Episode 6: Daryl Green, Magdalen College Old Library
Listen to the podcast recording here:
In this, the final episode of the Living Libraries podcast, we visited Daryl Green in Magdalen College’s Old Library.
Daryl first talks us through his journey of becoming a librarian. He came to the UK in 2006 to do a master’s degree in Medieval Studies, and started working part time at York Minister’s Cathedral Library. Daryl then moved back to the states to complete his librarian qualifications, before being offered a job in St Andrews, Scotland. After working there for six and a half years, he then moved to work in Magdalen College.
Daryl explains that Magdalen College was founded in 1458, in the old buildings of the Hospital of St John. The Old Library has been used as a library space since the 1480’s, and it was originally a chained library until 1797/8, when the library was largely rearranged. The current library is a reimaging of the space as it would have appeared in the 1820’s.
Magdalen’s library collection, Daryl explains, started with William Waynflete's collection of books and significant funds and lands. Magdalene, unusually, started buying books from early on its history, rather than solely relying on the collections of its fellows.
Daryl first shows us a book which belonged to John Goodyear, an estate manager and botanist. Helpfully, Goodyear often records various financial details about his book buying and restoration. Trevor’s Herbal, the book Daryl shows us, was printed in 1526 in London, and contains many woodcut illustrations of different plant types.

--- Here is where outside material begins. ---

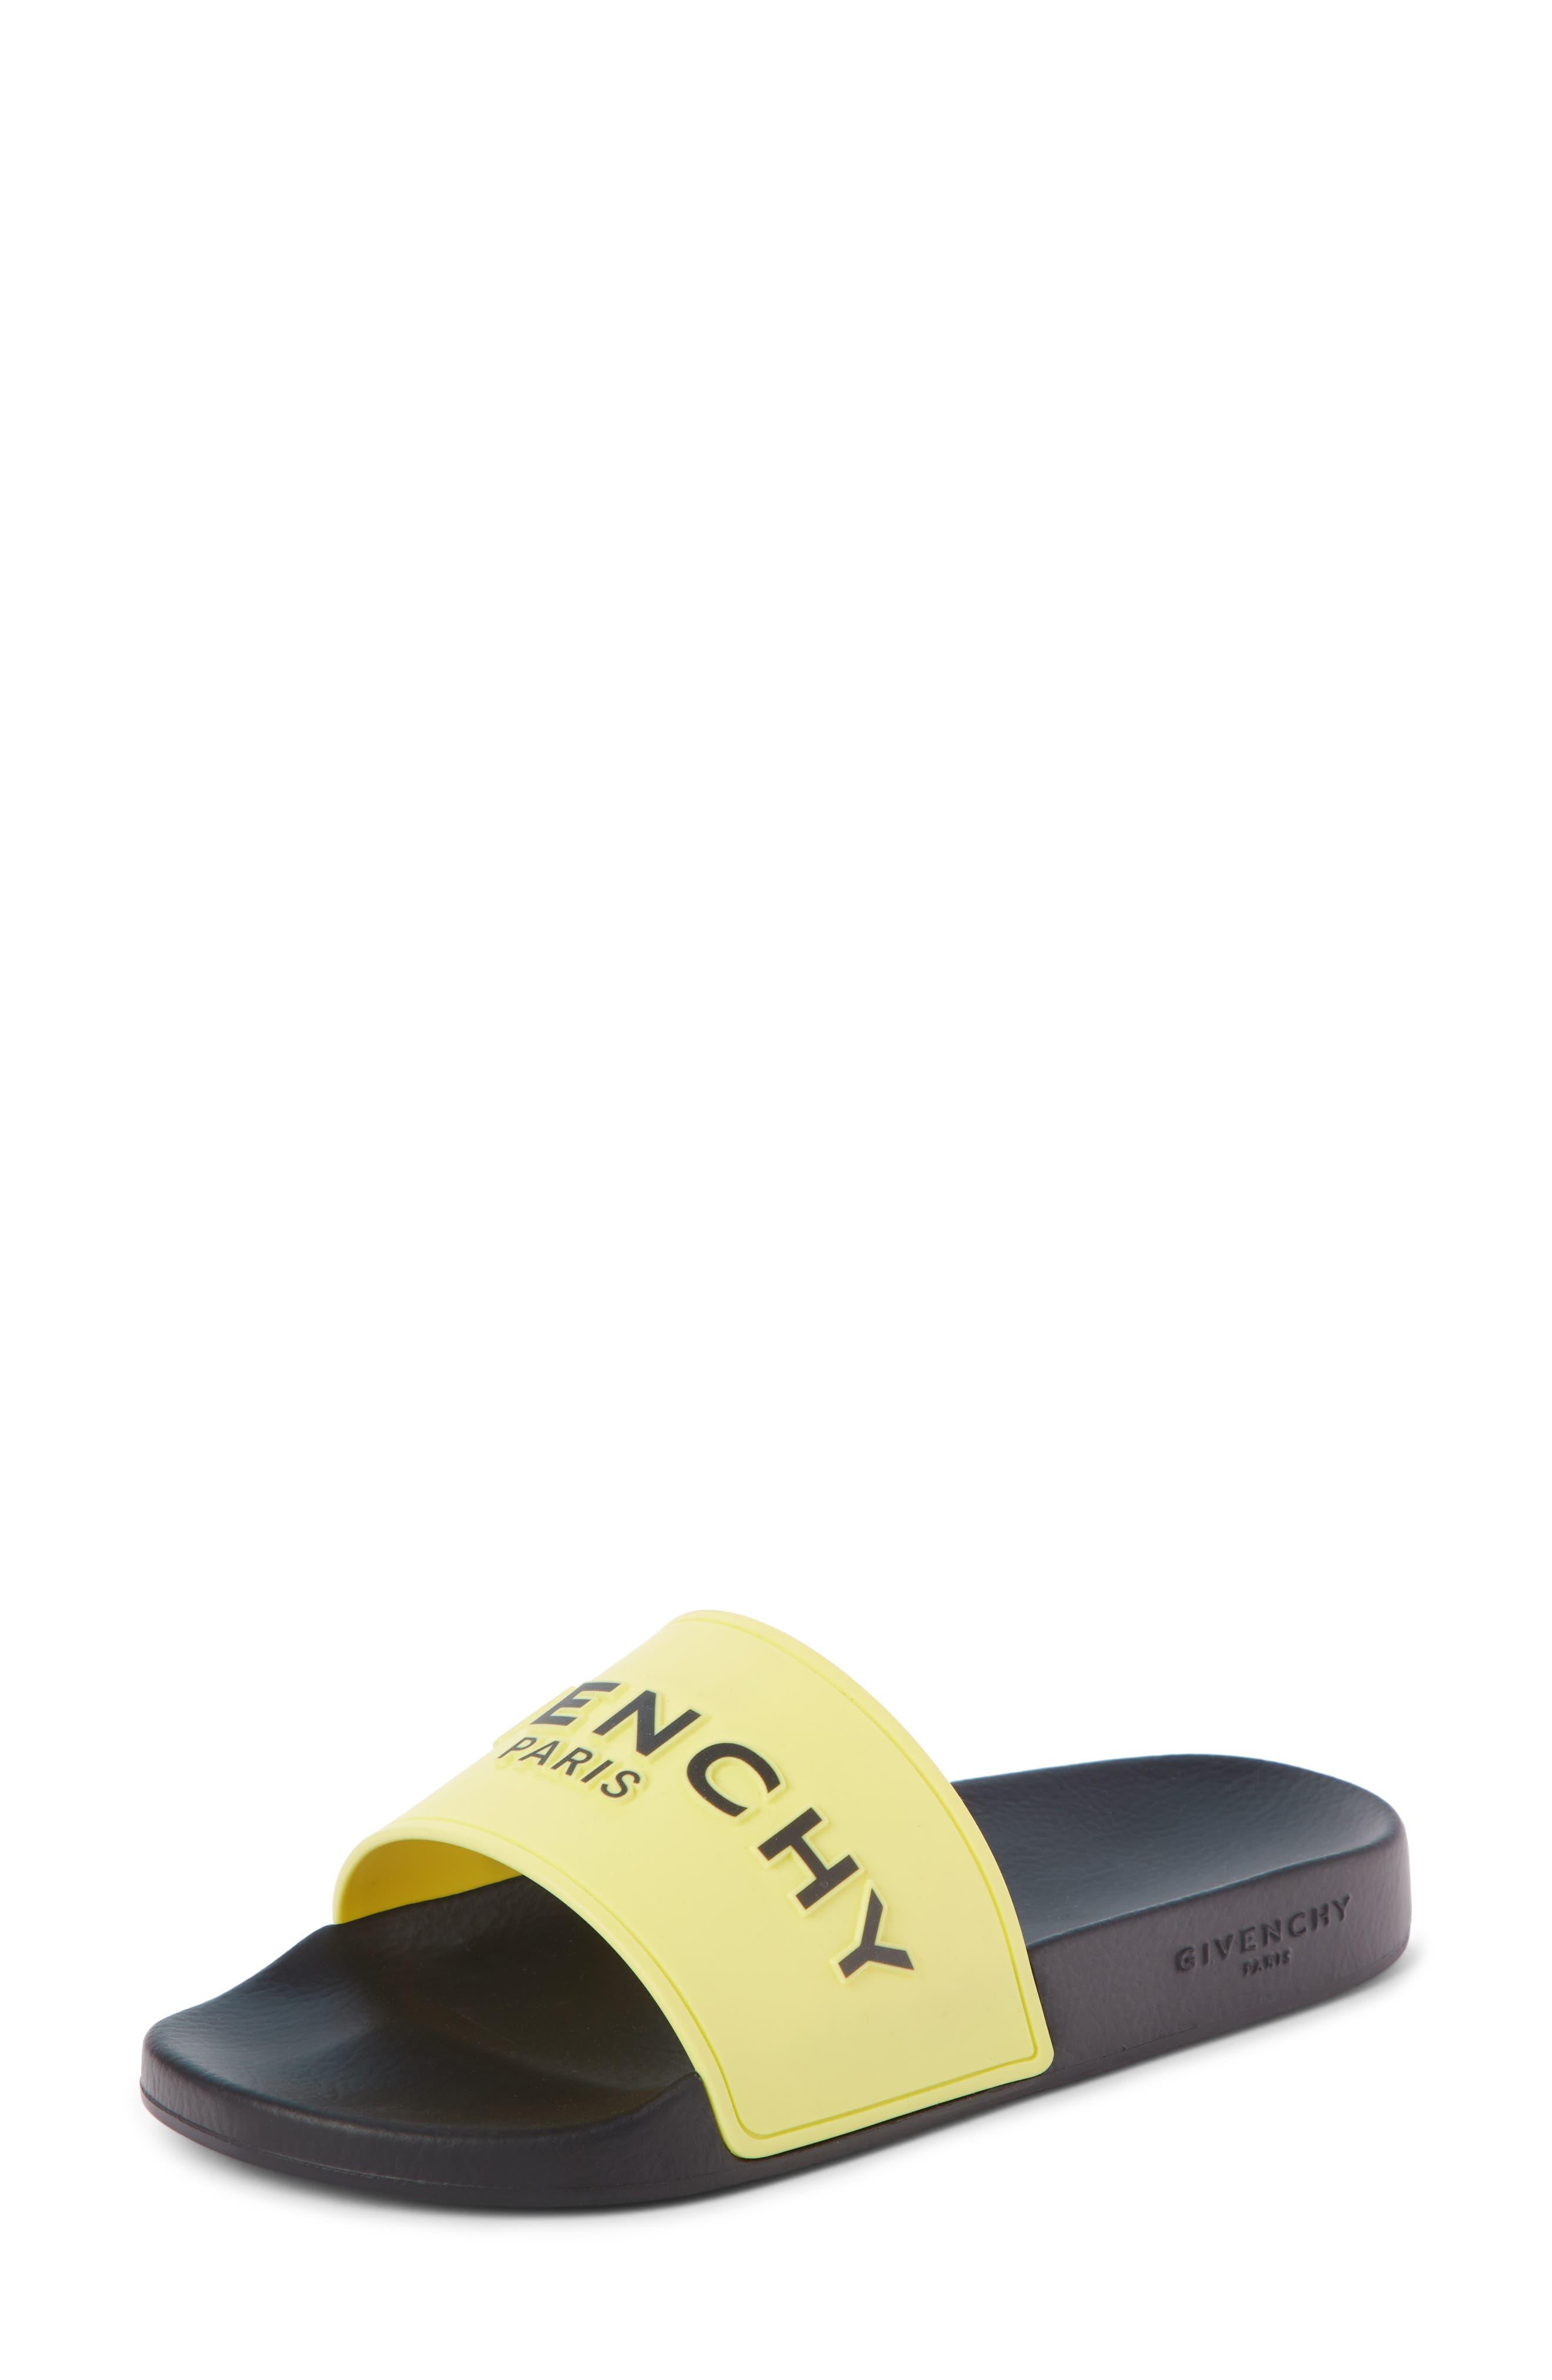 Givenchy Logo Slide, Yellow

The next book Daryl shows us is from the collection of Arthur Throckmorton. He bequeathed any books that his wife did not want, so the college received many books written on the continent. The book Daryl describes is a first edition of Nicolaus Copernicus’ De revolutionibus orbium coelestium (On the Revolutions of the Celestial Spheres), which was immediately placed on the list of banned books issued by the Catholic Church.
John Foxe’s copy of William of Malmesbury’s History of the English Church is the final manuscript which Daryl discusses in this section. The manuscript contains the hundreds of glosses added by Foxe, which were later used to write his Book of Martyrs.
The Wild Card(s):
Daryl took his Wild Card nomination literally, showing us a draft of Oscar Lady Windemere’s Fan, which was later renamed A Play About A Good Woman. The college is now focussing on collecting Wilde’s materials from after 1920.
His second (cheating) wild card is not a book, but the shoe and buskin of William Waynflete, which probably dates to the 1470’s. It is one of the finest examples of surviving fifteenth century textiles.
Daryl decides to cheat once again in this section.
His first choice is Peter Apian’s astronomical calculator Astronomicum Caesareum, printed in 1540. The book contains two volvelles, one which indicates the meridian of any heavenly body, the other calculates where you might see a heavenly body in any given place, at any given time.
Daryl’s final choice is a 1456 manuscript written in Cambridge. The manuscript contains the name of the scribe, and a note asking the reader to remember him.